По понедельникам и четвергам мы говорим по-французски. У нас француженка-бонна, и это дни недели, когда она не понимает слова, обращенного к ней. Из нас также никто не понимает папу, и это раздражает его. Он не хочет сказать по-английски; записывает, что хотел сказать, чтобы объяснить нам во вторник или в пятницу, затем, конечно, забывает и удивляется, почему мы не исполняем его приказаний. Он премилый человек. Когда думаешь о нем как о большом мальчике, находишь его прелестным; и будь он действительно большим мальчиком, я бы иной раз встряхнула его и, думаю, было бы на пользу.

Она снова засмеялась.

Мне хотелось, чтобы она продолжала свой разговор: так очарователен был ее смех. Но мы вышли на дорогу, и мисс Дженни сказала, что ей пора вернуться: у нее много дела впереди.

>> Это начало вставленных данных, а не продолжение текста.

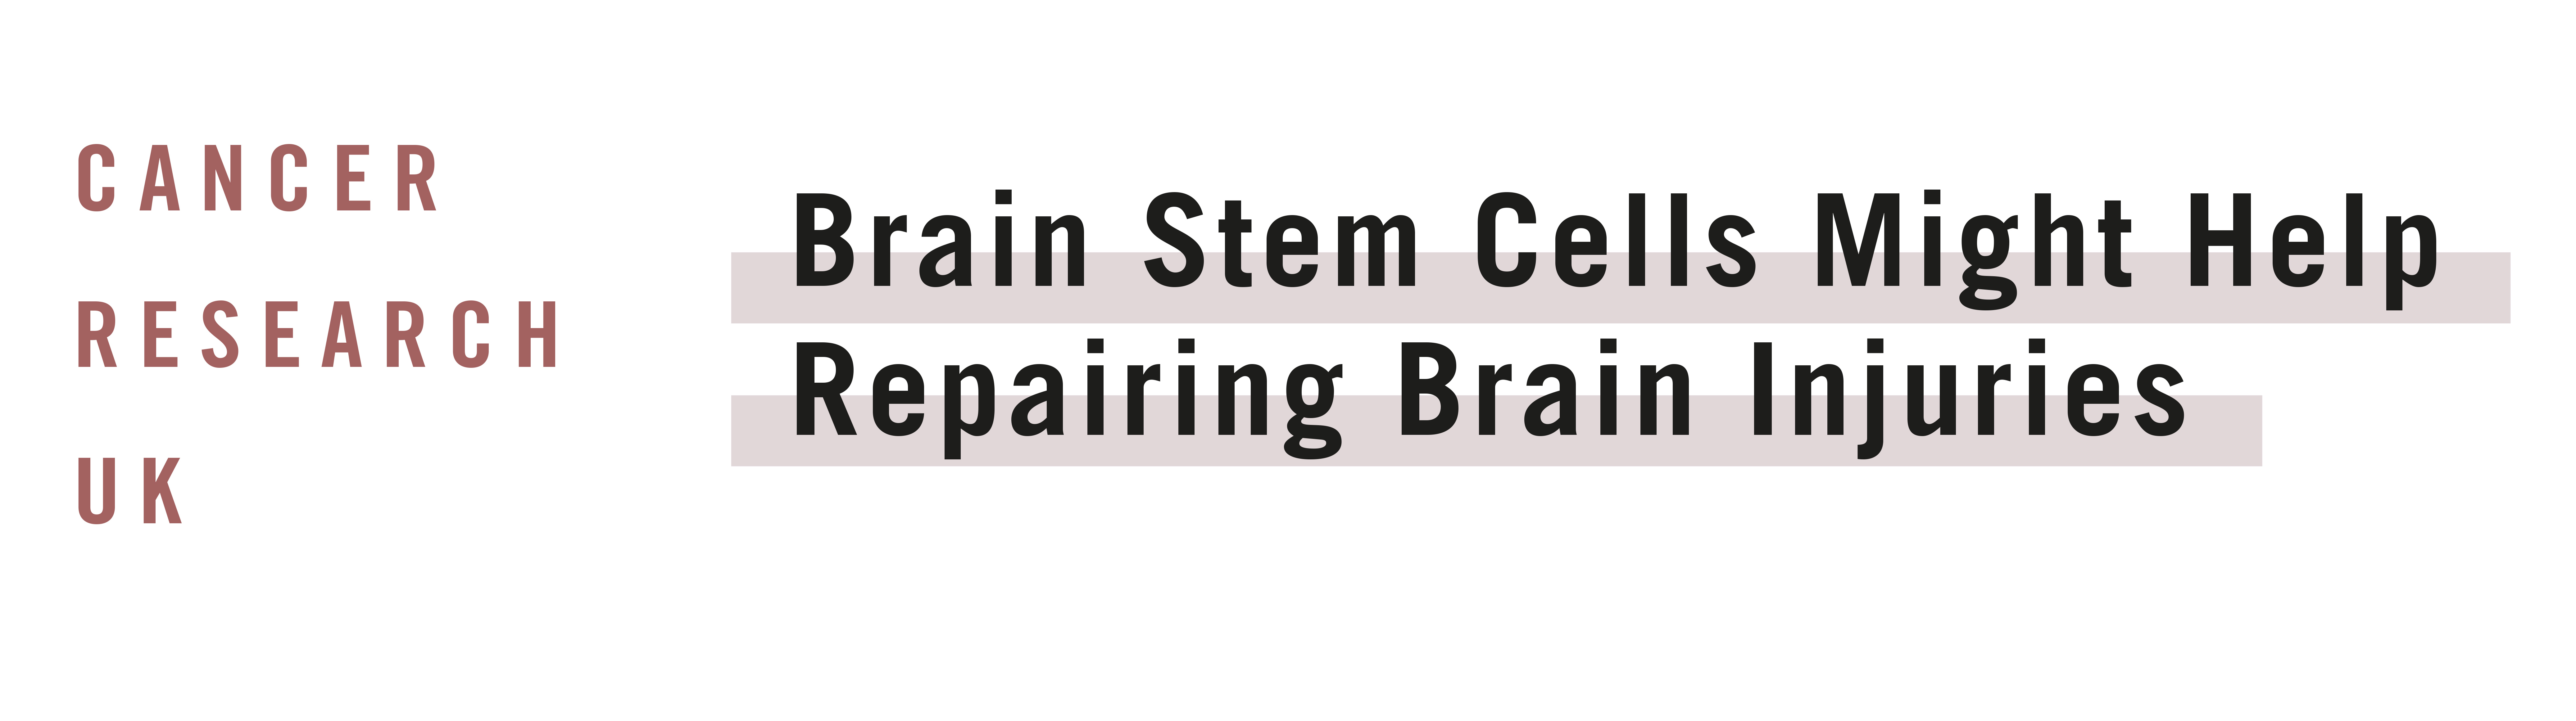 Stem Cells That Could Help Repairing Brain Diseases

— Однако мы еще не условились насчет Дика, — напомнил я ей.

— Он понравился маме, — сказала она.

— Если б Дик мог прокормить себя тем, что нравится людям, я бы не так тревожился о будущности своего лентяя.

— Он обещает усердно работать, если вы позволите ему заняться сельским хозяйством, — сказала мисс Дженни.

— Вы говорили с ним? — спросил я.

Она подтвердила.

— Он примется за дело хорошо: я знаю его, — сказал я, — но через месяц работа надоест ему, и он станет просить другого дела.

— Он весьма много потеряет в моем мнении, если это случится, — заметила она.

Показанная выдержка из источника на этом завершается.